Social approach behaviors in mice with diminished NMDAR glycine affinity. Wild-type (+/+) and Grin1D481N mutant (D481N/D481N) mice were assessed in a social affiliations task. a Mean time (s) spent in a chamber containing a stranger mouse, a central chamber, and a chamber with an empty cage in the sociability phase. b Average time (s) spent in a chamber containing a newly introduced mouse (stranger 2), a central chamber, and a chamber with a familiar mouse (stranger 1) in the social novelty phase. Number of chamber entries during the sociability (c) and social novelty (d) phase. e Mean time (s) spent with stranger 1 (session 1) or stranger 2 (session 2), a central chamber, and a chamber with an empty cage during the sociability phases (left panel). Mean time (s) spent exploring a chamber with a novel mouse (stranger 3), a central chamber, and a chamber with a familiar mouse (stranger 2) during the subsequent social novelty phase (session 3; right panel). n = 11 (a–d) or 8 (e) wild-types and 16 (a–d) or 8 (e) mutants; *p < 0.05, **p < 0.01, ***p < 0.001—compared to the chamber with an empty cage or a familiar mouse within each genotype and session
The selective social approach deficit of Grin1D481N mutant mice was further confirmed in an experiment involving a second sociability phase (Fig. 3e). A significant genotype × apparatus side interaction (F 1,14 = 12.85, p < 0.003) was found. In sessions 1 and 2, a preference for the chamber with an unfamiliar mouse (stranger 1 or 2) compared to the empty chamber was observed in wild-type (p < 0.05), but not mutant mice. However, when given a choice between a novel (stranger 3) or familiar partner (stranger 2), both wild-type and mutant animals demonstrated a preference for social novelty (p < 0.002).
The effectiveness of d-serine to normalize social approach deficits in Grin1D481N mutant mice was assessed and compared to clozapine (Fig. 4a). In contrast to vehicle-treated mutants, d-serine-treated mutant mice spent more time in the chamber with the unfamiliar conspecific than in the opposite empty cage chamber (main effect of drug treatment: F 2,54 = 5.69, p < 0.006, apparatus side: F 1,54 = 34.75, p < 0.001, and genotype × drug treatment × apparatus side interaction: F 2,54 = 4.06, p < 0.03). A significant preference for the chamber containing the stranger mouse was seen in wild-types treated with vehicle, d-serine, or clozapine (p < 0.05) and in d-serine-treated mutants (p < 0.05), but not in mutants injected with vehicle (p > 0.05) or clozapine (trend p = 0.06).

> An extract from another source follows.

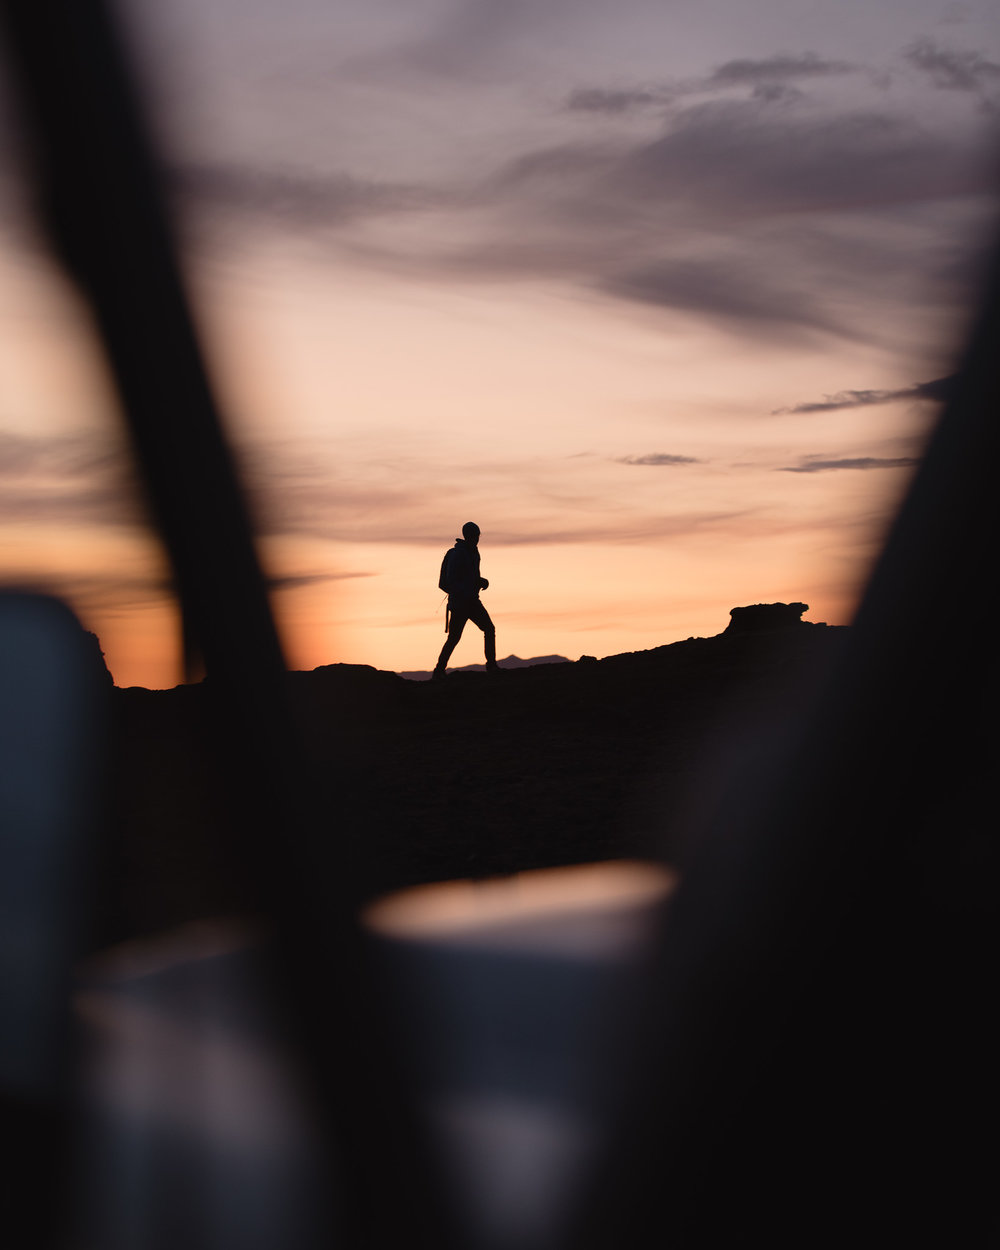 man during sunset
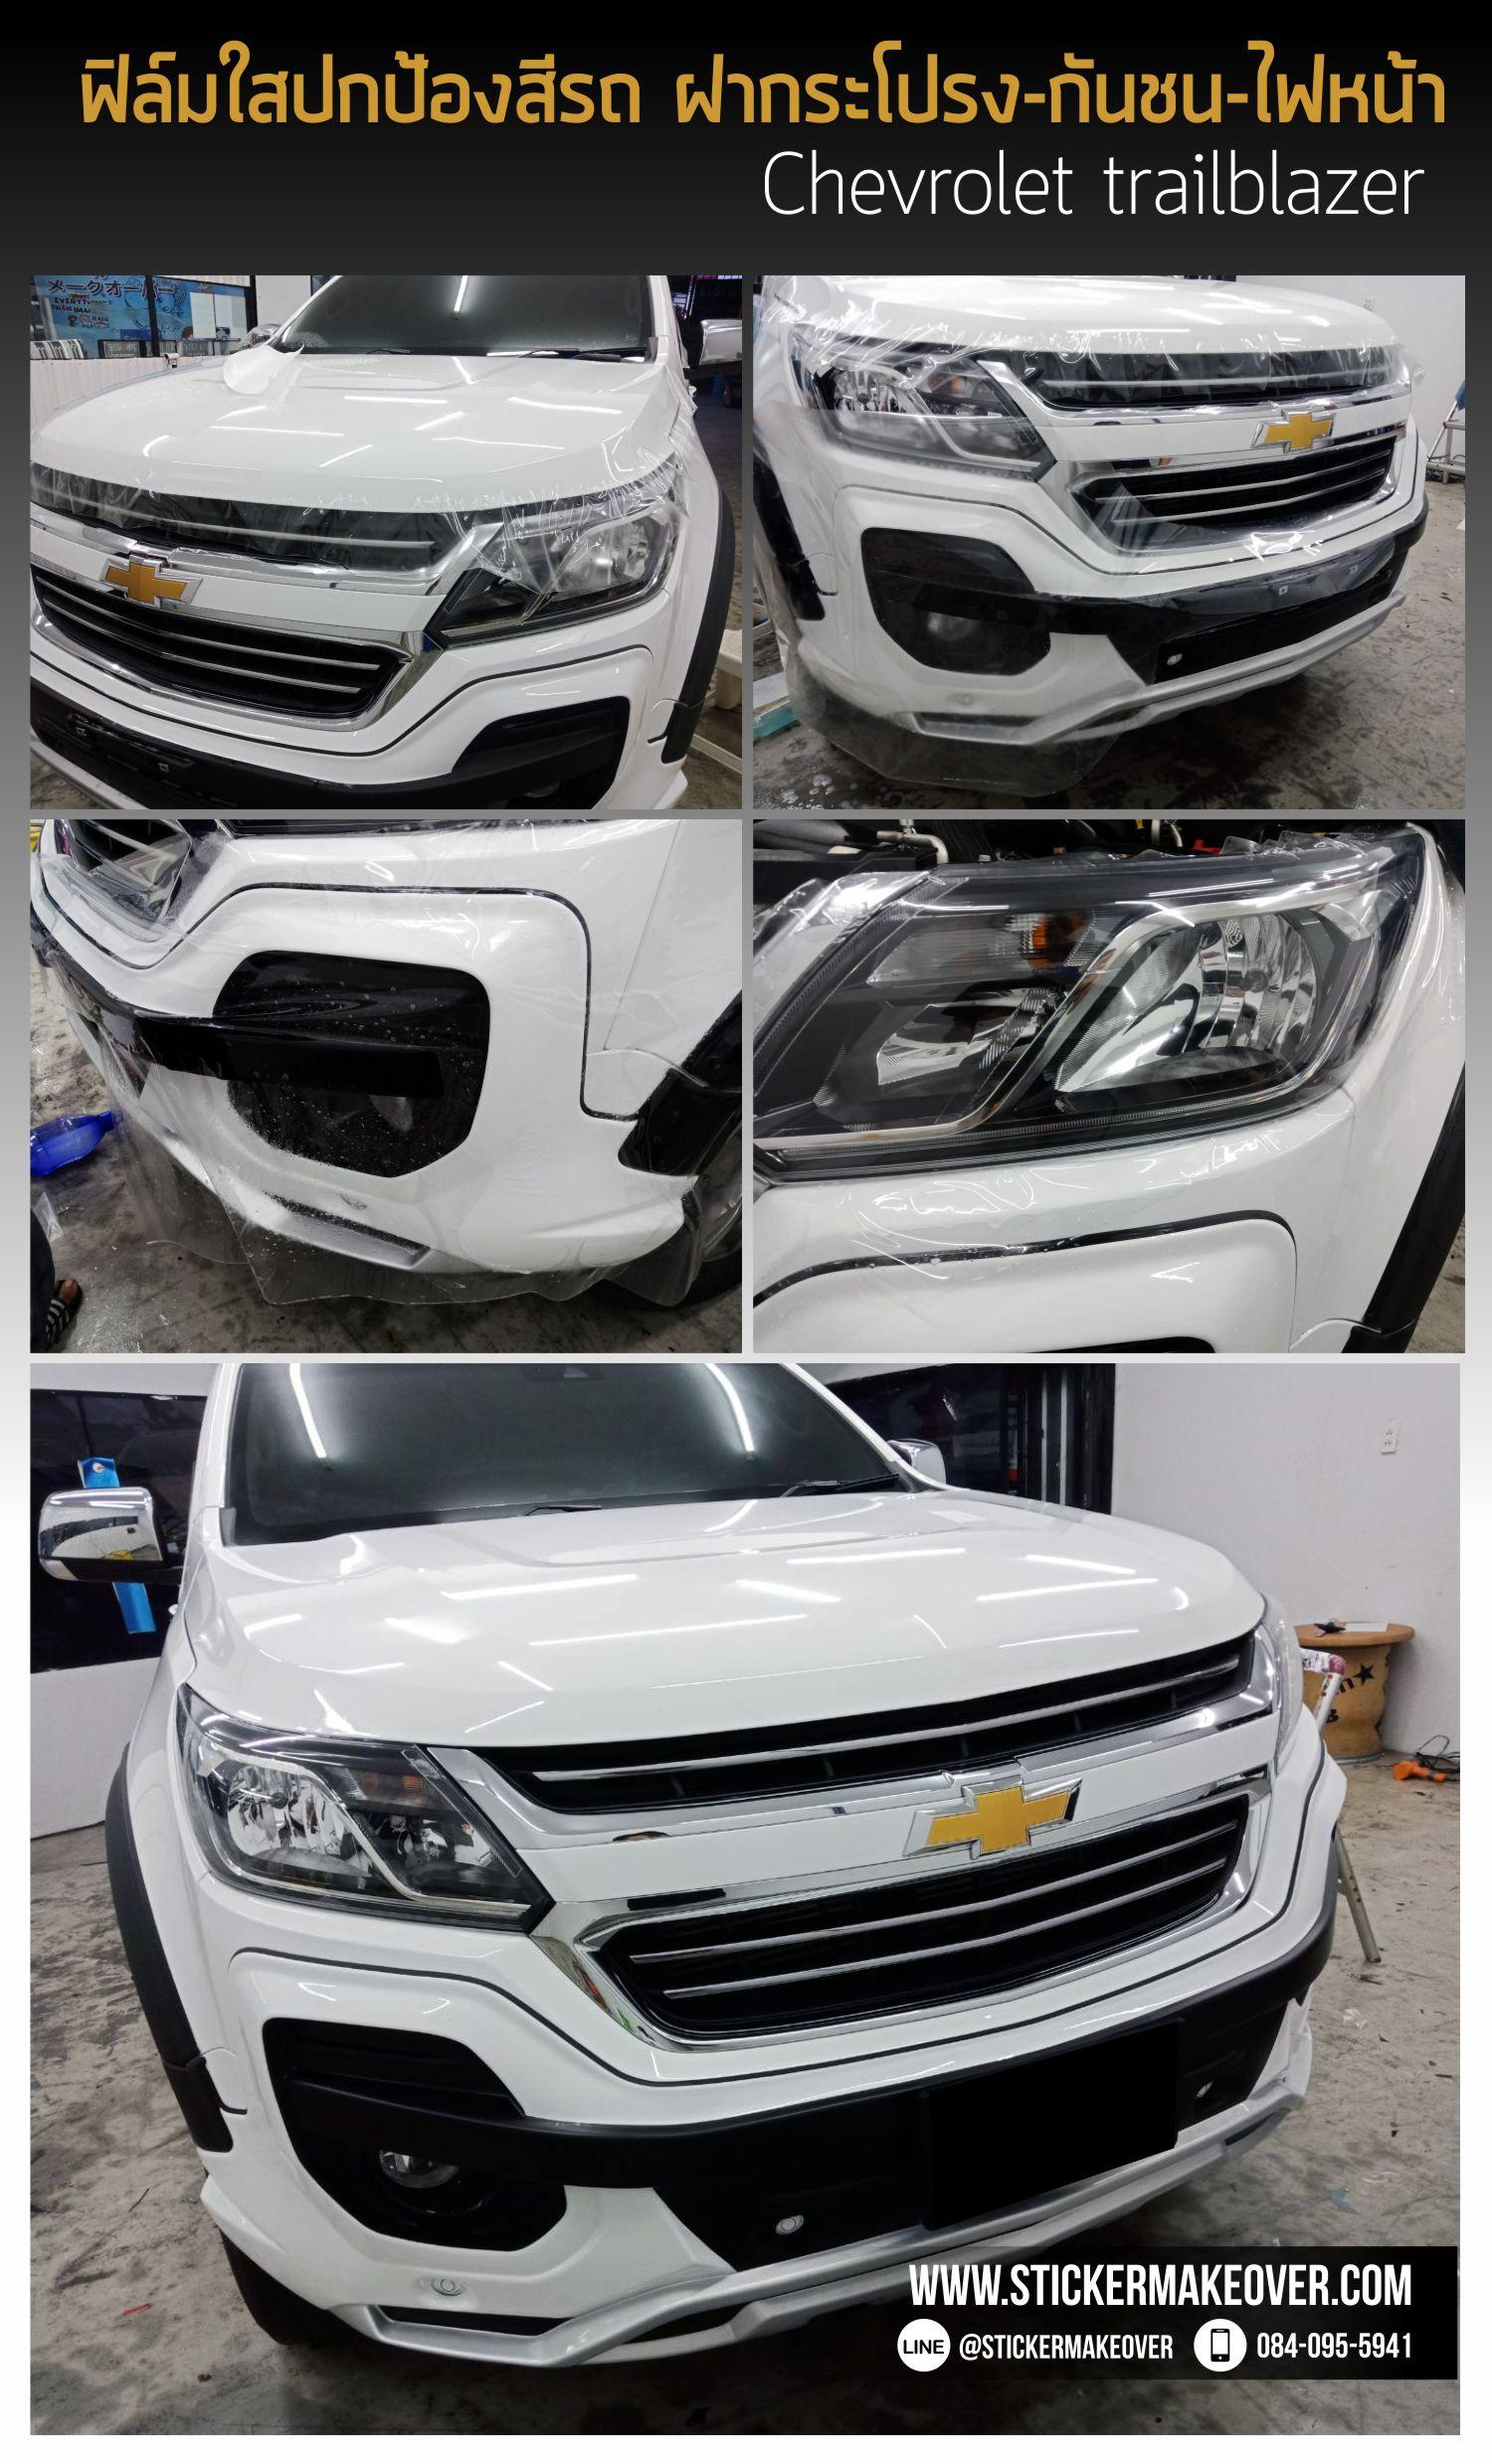 ฟิล์มใสกันรอยรถยนต์ ฟิล์มใสกันสะเก็ดหิน ฟิล์มปกป้องสีรถ paint protection film ppf chevrolet trailblazer

Social approach behaviors in Grin1D481N mutant mice treated with d-serine or clozapine. Wild-type (+/+) and Grin1D481N mutant (D481N/D481N) animals injected with vehicle (veh), d-serine (600 mg/kg; D-s), or clozapine (0.75 mg/kg; cloz) were assessed in a test of sociability. a Mean time (s) spent in a chamber containing a stranger mouse, a central chamber, and a chamber with an empty cage. b Number of stranger or empty chamber entries. n = 8–11 per group; *p < 0.05, **p < 0.01—compared to the chamber with an empty cage within genotype and drug treatment group; #p < 0.05, ##p < 0.01, ###p < 0.001—compared to vehicle-treated group within genotype and apparatus side
The exploratory activity of vehicle-treated mutants did not differ from vehicle-treated wild-types, as demonstrated in Fig. 4b by the number of entries into the stranger and empty side. However, a reduction in the number of entries into each chamber was observed in wild-types and mutants injected with d-serine or clozapine. There was a main effect of drug treatment (F 2,54 = 16.22, p < 0.001) and apparatus side (F 1,54 = 16.48, p < 0.001). d-serine-or clozapine-treated mice displayed fewer entries into the stranger and empty side (p < 0.05), and mutants given d-serine or clozapine favored the side with the stranger mouse (p < 0.04).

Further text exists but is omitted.